- Sire: In Reality
- Grandsire: Intentionally
- Dam: Desert Trial
- Damsire: Moslem Chief
- Sex: Filly
- Foaled: 1970
- Country: United States
- Colour: Dark Bay
- Breeder: Muriel Vanderbilt
- Owner: Harry T. Mangurian Jr.
- Trainer: Thomas F. Root Sr.
- Record: 28: 13-6-3
- Earnings: $421,538

Major wins
- Alabama Stakes (1973) Delaware Oaks (1973) Monmouth Oaks (1973) Test Stakes (1973) Gazelle Handicap (1973) Beldame Stakes (1973 & 1974) Matchmaker Handicap (1974)

Awards
- U.S. Champion 3-Yr-Old Filly (1973) U.S. Champion Older Female Horse (1974)

Honours
- United States Racing Hall of Fame (1979) Desert Vixen Stakes at Gulfstream Park

= Desert Vixen =

American-bred Thoroughbred racehorse

Desert Vixen (1970–1982) was an American Thoroughbred racehorse. She was the leading American filly of her generation, winning an Eclipse Award at the ages of both three and four. She was later inducted into the U. S. Racing Hall of Fame.

==Racing career==
Desert Vixen began racing at age two and met with limited success, winning only one of her five starts. At age three, Desert Vixen was the dominant filly in her class, winning eight straight races including a number of important Grade I stakes and tying the Belmont Park track record held by Canonero II in the Beldame Stakes.

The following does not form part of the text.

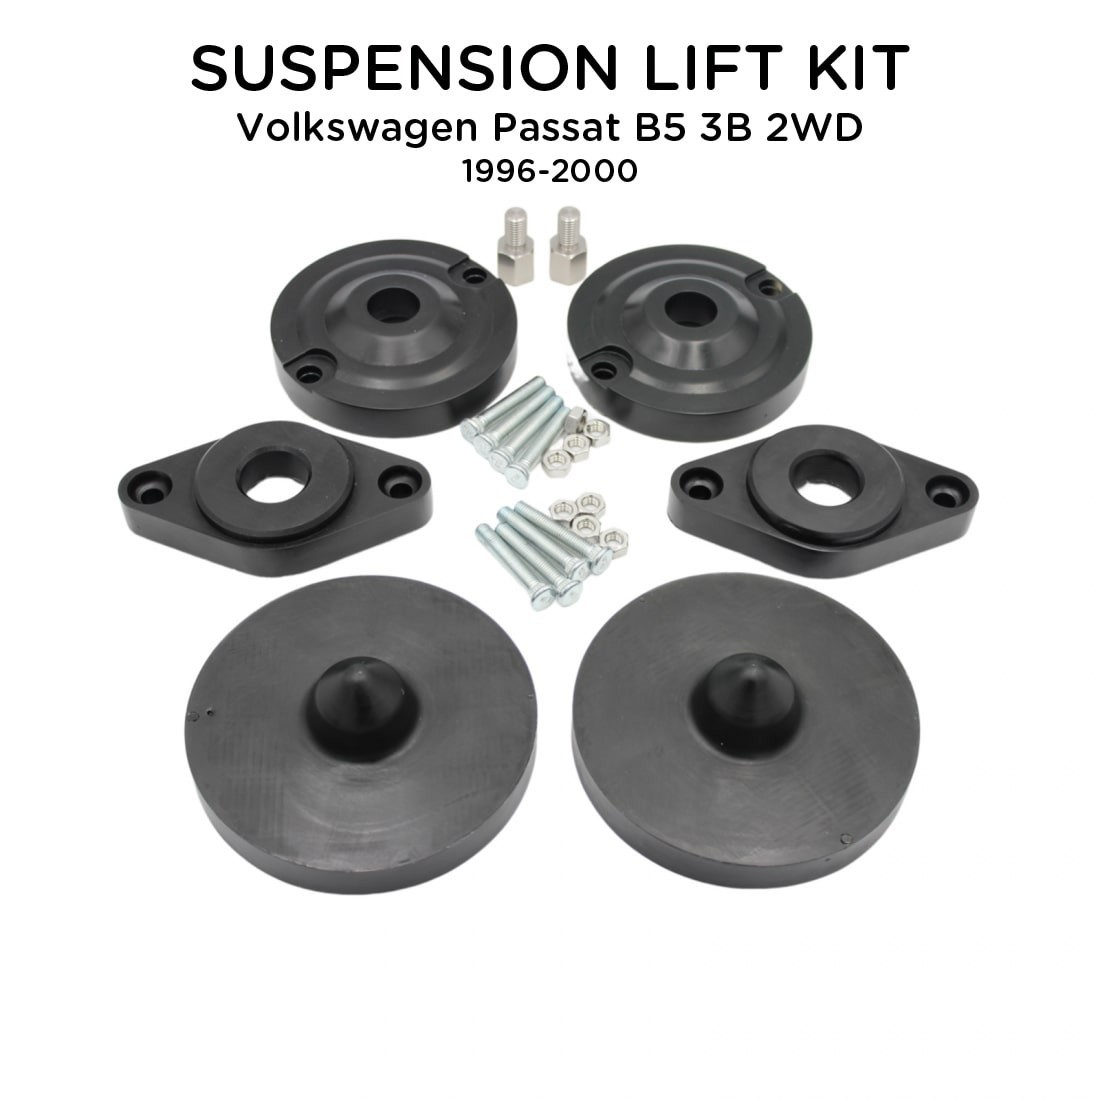 Suspension Lift Kit For Volkswagen Passat B5 3B 2WD 1996-2000

She broke the stakes record in the 1973 Gazelle Handicap which had been set by Susan's Girl the previous year. Her performance earned her the 1973 Eclipse Award for Outstanding 3-Year-Old Filly.

At age four, Desert Vixen started slowly but then earned three important wins in her eleven races. One of her three second-place finishes came when she raced on turf for the first time in her career in the prestigious Washington, D.C. International. In that Grade I race, she finished behind winner Admetus but ahead of the superstar filly Dahlia, who had won the race in 1973. Desert Vixen won her second Beldame Stakes by 11½ lengths and tied the Atlantic City Race Course track record in winning the Matchmaker Handicap. Her 1974 performances earned her a second Eclipse Award as U.S. Champion Older Female Horse.

==Stud record==
As a broodmare, Desert Vixen produced Real Shadai, the leading sire in Japan in 1993.

In 1979, Desert Vixen was inducted into the United States' National Museum of Racing and Hall of Fame. She died in 1982 and is buried at Breckinridge Farm in Lexington, Kentucky.